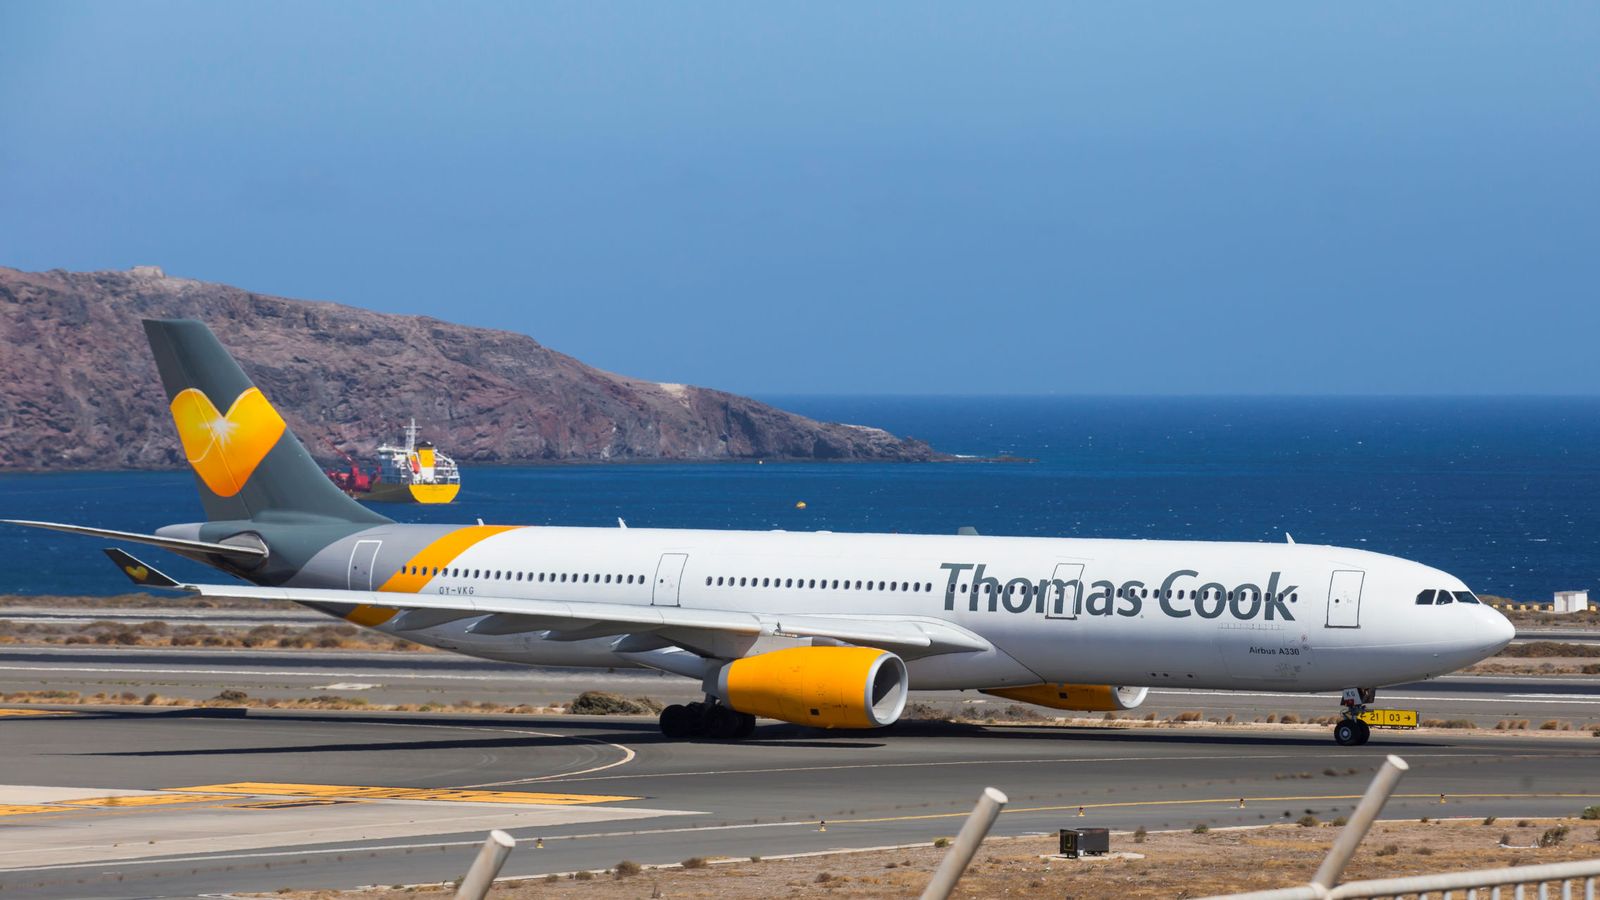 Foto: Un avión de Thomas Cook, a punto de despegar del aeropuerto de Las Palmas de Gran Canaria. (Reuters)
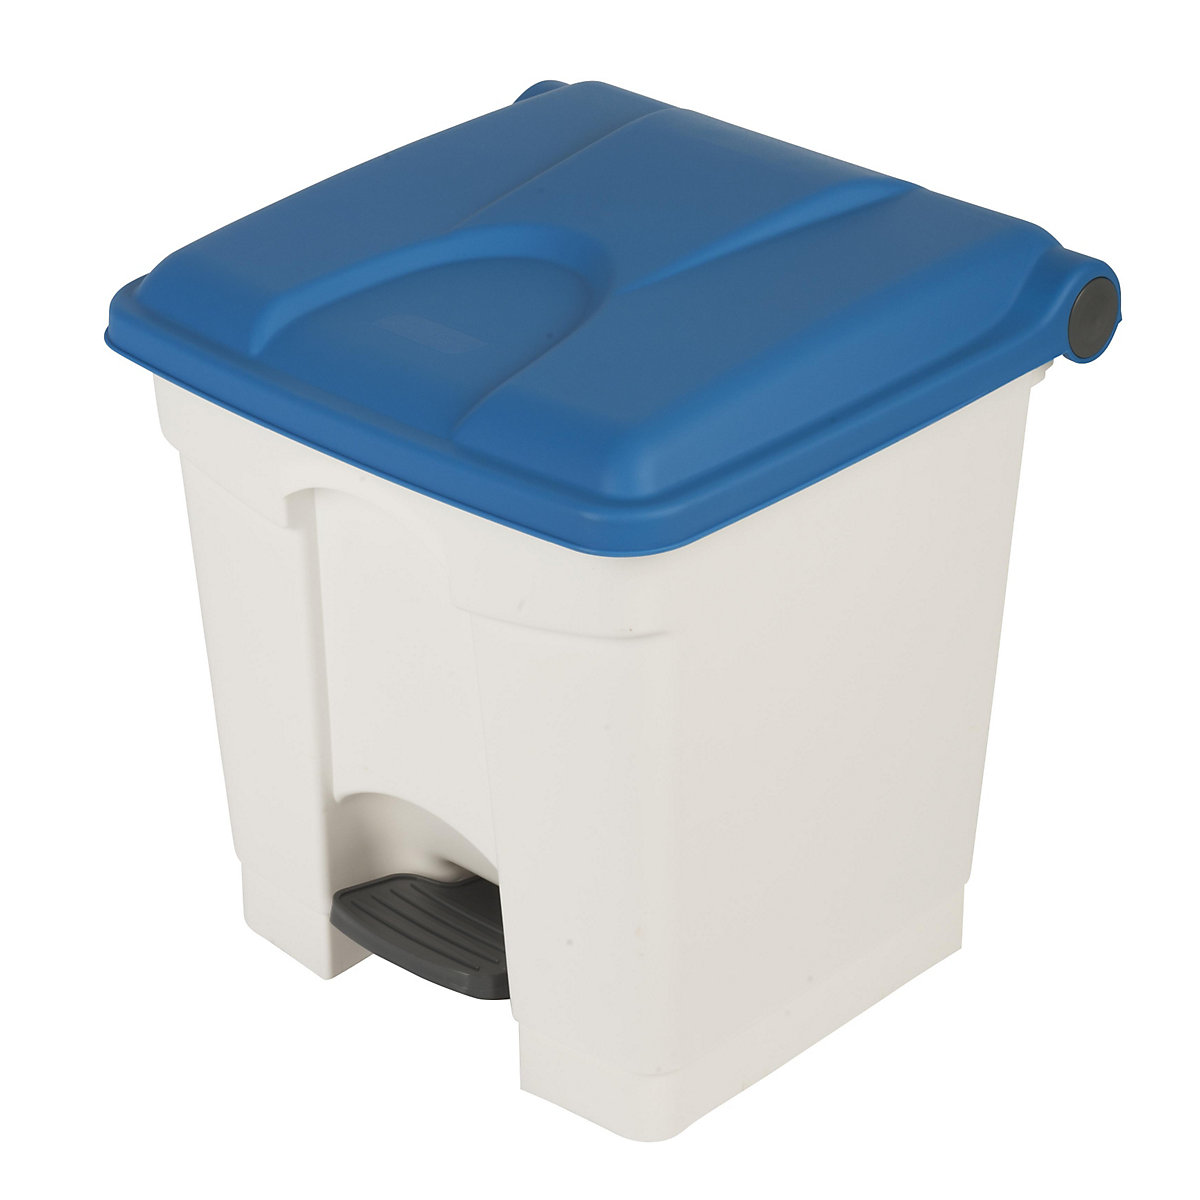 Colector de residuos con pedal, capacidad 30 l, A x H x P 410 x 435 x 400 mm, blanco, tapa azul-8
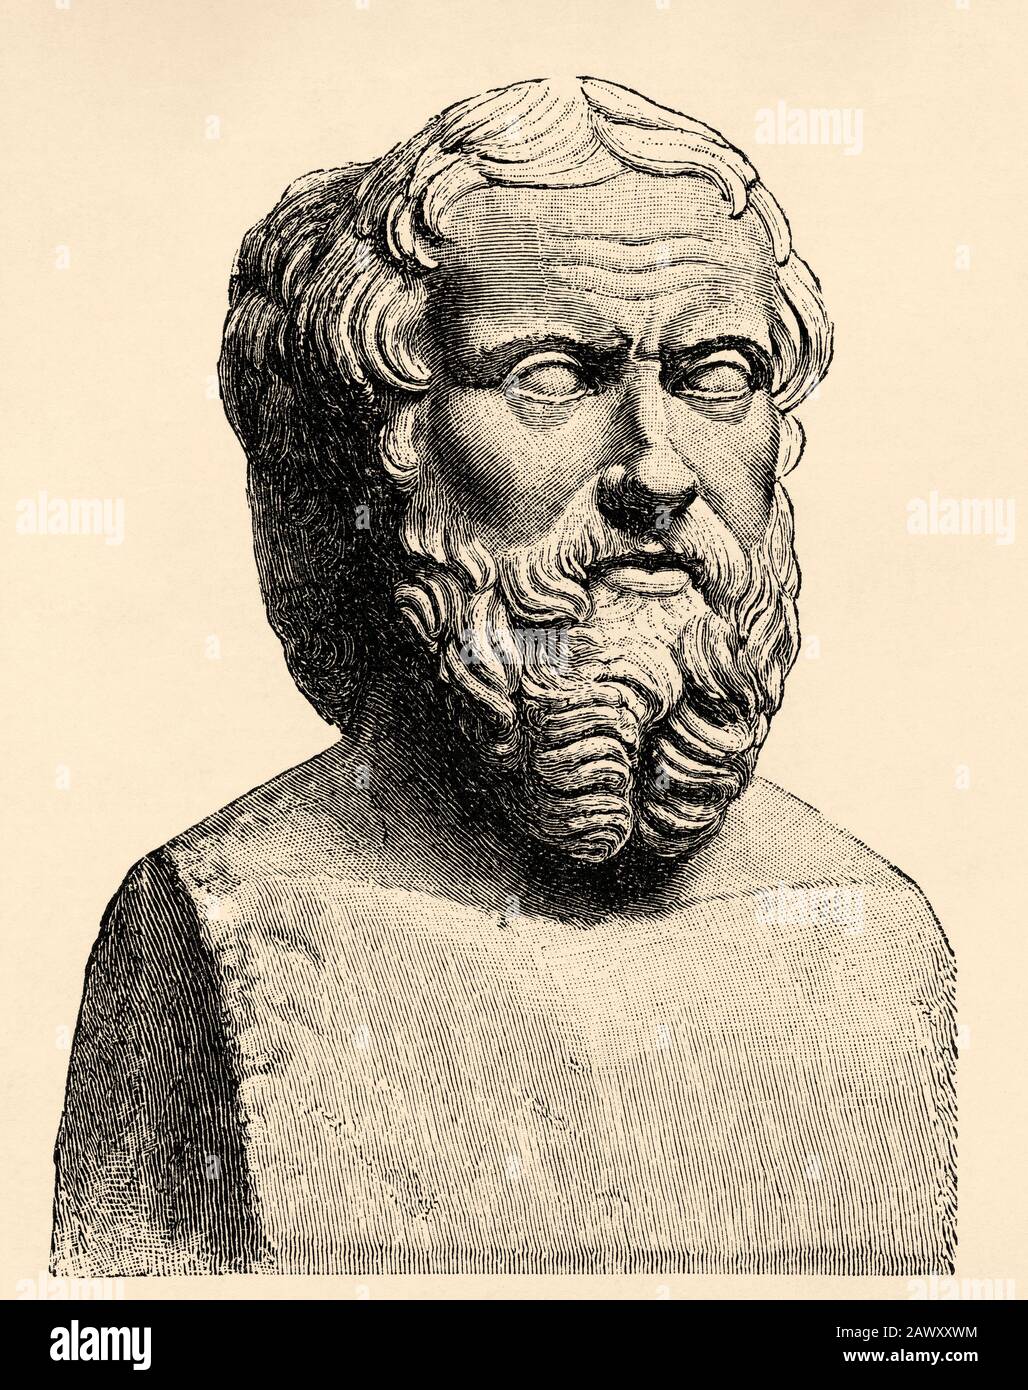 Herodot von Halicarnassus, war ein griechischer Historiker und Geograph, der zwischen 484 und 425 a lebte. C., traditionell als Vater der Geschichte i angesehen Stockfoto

============

### WHAT THE EXERCISE ASKS
Begin the copy at the line containing "Colector de residuos" and end it at the final line of the material above, reproducing each line exactly and omitting pictures.

### RESPONSE AREA
 Colector de residuos con pedal, capacidad 30 l, A x H x P 410 x 435 x 400 mm, blanco, tapa azul-8
 Herodot von Halicarnassus, war ein griechischer Historiker und Geograph, der zwischen 484 und 425 a lebte. C., traditionell als Vater der Geschichte i angesehen Stockfoto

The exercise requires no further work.